Изредка заезжал брат Парфена Дмитрича, такой же степенный, сумрачный, солидный купец, с сыном, вертлявым и юрким студентиком, который все шаркал и кланялся, поправляя белую перчатку на левой руке, и с удивлением оглядывал золоченую мебель, высокие и строгие стены, молчаливые образа в многочисленных серебряных и золоченых ризах, на которых задумчиво мерцал тихий отсвет лампады.
Так шла жизнь в этом сумрачном доме.
В большом просторном дворе, летом пораставшем колючкой и лопухами, зимой заваленном снегом с пробитыми тропками к калитке и к дому, шла своя жизнь, со своими маленькими воспоминаниями, заботами, горем и надеждой. На отшибе, почти в самом углу, где была конюшня, сараи и виднелась выгребная яма, стояла, как и все, по-хозяйски, крепко сложенная кухня под железной крышей. Но внутри она была маленькая, в две комнатки, с огромной плитой.
Двое тут жили: стряпуха Федосья и дворник Пимен, из солдат. Стряпуха Федосья служила одной прислугой, стряпала, убирала комнаты, подавала, бегала на посылках, стирала и гладила белье. Была она похожа на втянувшуюся в неустанную работу клячу, с подведенными ребрами, с запавшими глазами и вечным кухонным бледным потом на лице. Неизвестно, когда она отдыхала и спала. Лето за летом, зимы за зимами проходили над этим двором, а она все такая же, с испуганно-озабоченными глазами, спешащая и суетливая.
Тут же жил и Пимен, он же дворник и кучер. У него был сердитый, щетинистый солдатский подбородок, а дела – только отвезти и привезти из училища хозяйского сына, вычистить навоз, смотреть за лошадью да за двором. Большей частью Пимен сидит с перехваченными ремешком волосами в кухне на обрубке и неодобрительно тачает сапоги.

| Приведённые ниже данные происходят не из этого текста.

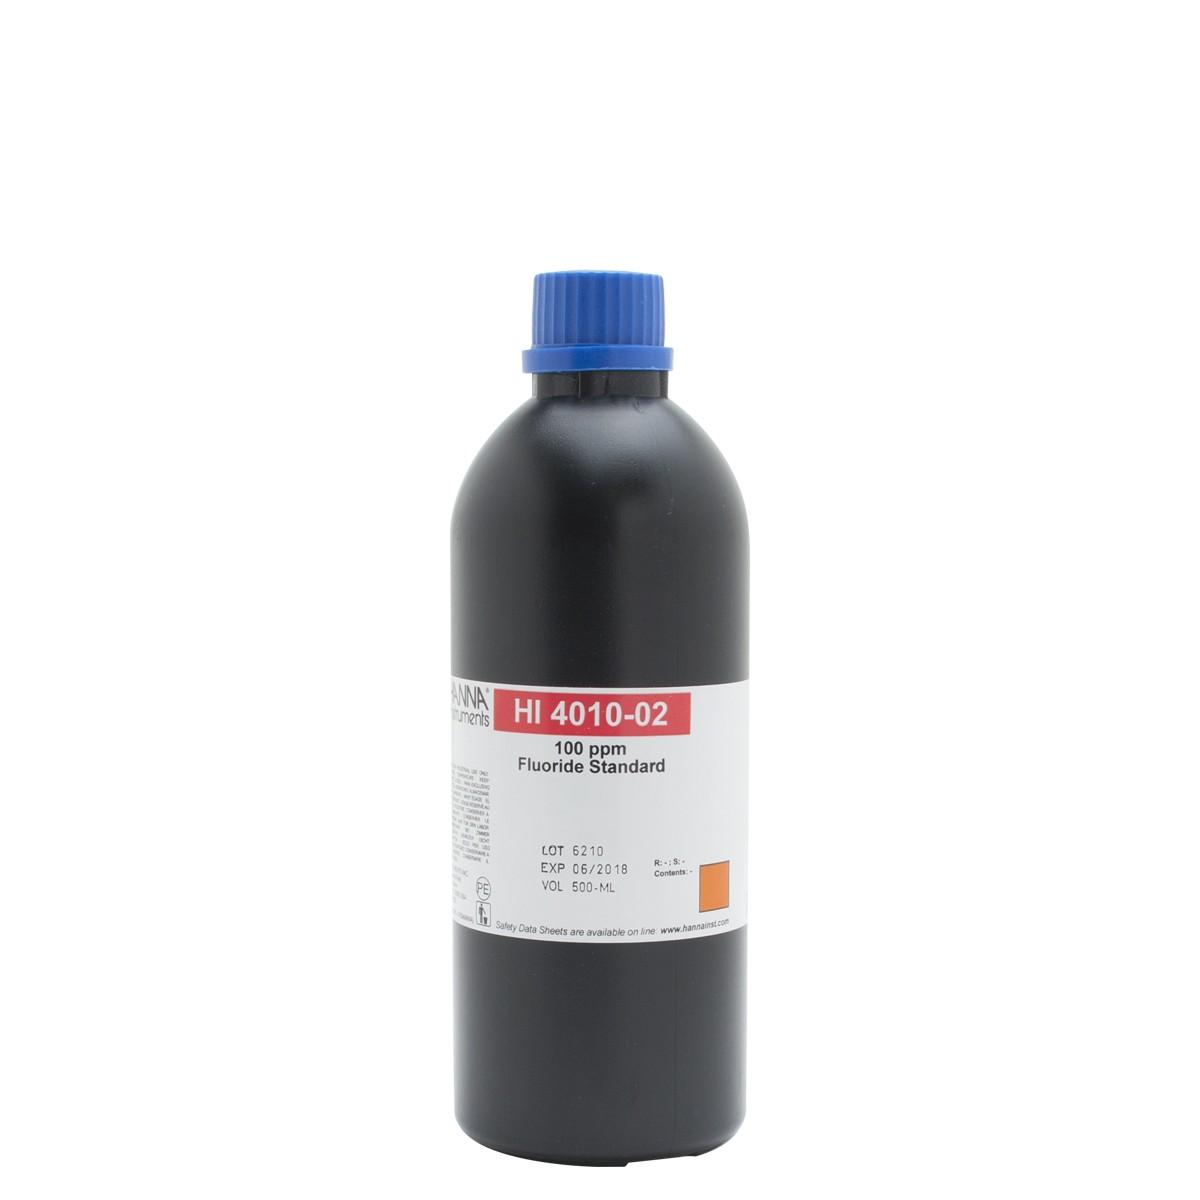 Fluoride ISE 100 ppm Standard - HI4010-02

– Деревня!.. Деревни, ее нету, нету ее, один – зрак. А вся центра теперь – город. Тут тебе вокзалы, тут тебе трамваи, трактиры, опять же дома, глянешь – шапка валится. Опять же бани...
– Ну, этого добра и в деревне... Ах, мать пресвятая богородица, пирог-то подпалила! И как он скоро взялся... А молоко забыла поставить... хоть раздерись!..
– Сказала – в деревне!.. По черному ходу гнись в три погибели и вылезешь весь в саже, как черт. А тут тебе под мрамор разложут и начнут утюжить, все косточки переберут, на двадцать лет помолодеешь.
– Да ты был... Напьешься, так тебе везде рай... Эх, штоп тебе!.. – И она торопливо, обжигая руки, переставляет плеснувшую и зашипевшую на горячей плите кастрюлю.
– Ну, што ж, что не был, а знаю. Вон Митька Балахан обязательно каждый месяц ходит и зараз под мрамор; выйдет оттуда, как рак вареный, чисто барин.
Федосья по-прежнему мечется по кухне, и пышущая жаром плита не вызывает румянца на ее бледно-отсвечивающем измученным потом лице.
– Опять же при волости каталажка, ни стать ни сесть, а здесь замок да пересыльная тюрьма; может, сколько тыщ арестантов пройдет. На воздушных шарах народ летает. А то – деревня!..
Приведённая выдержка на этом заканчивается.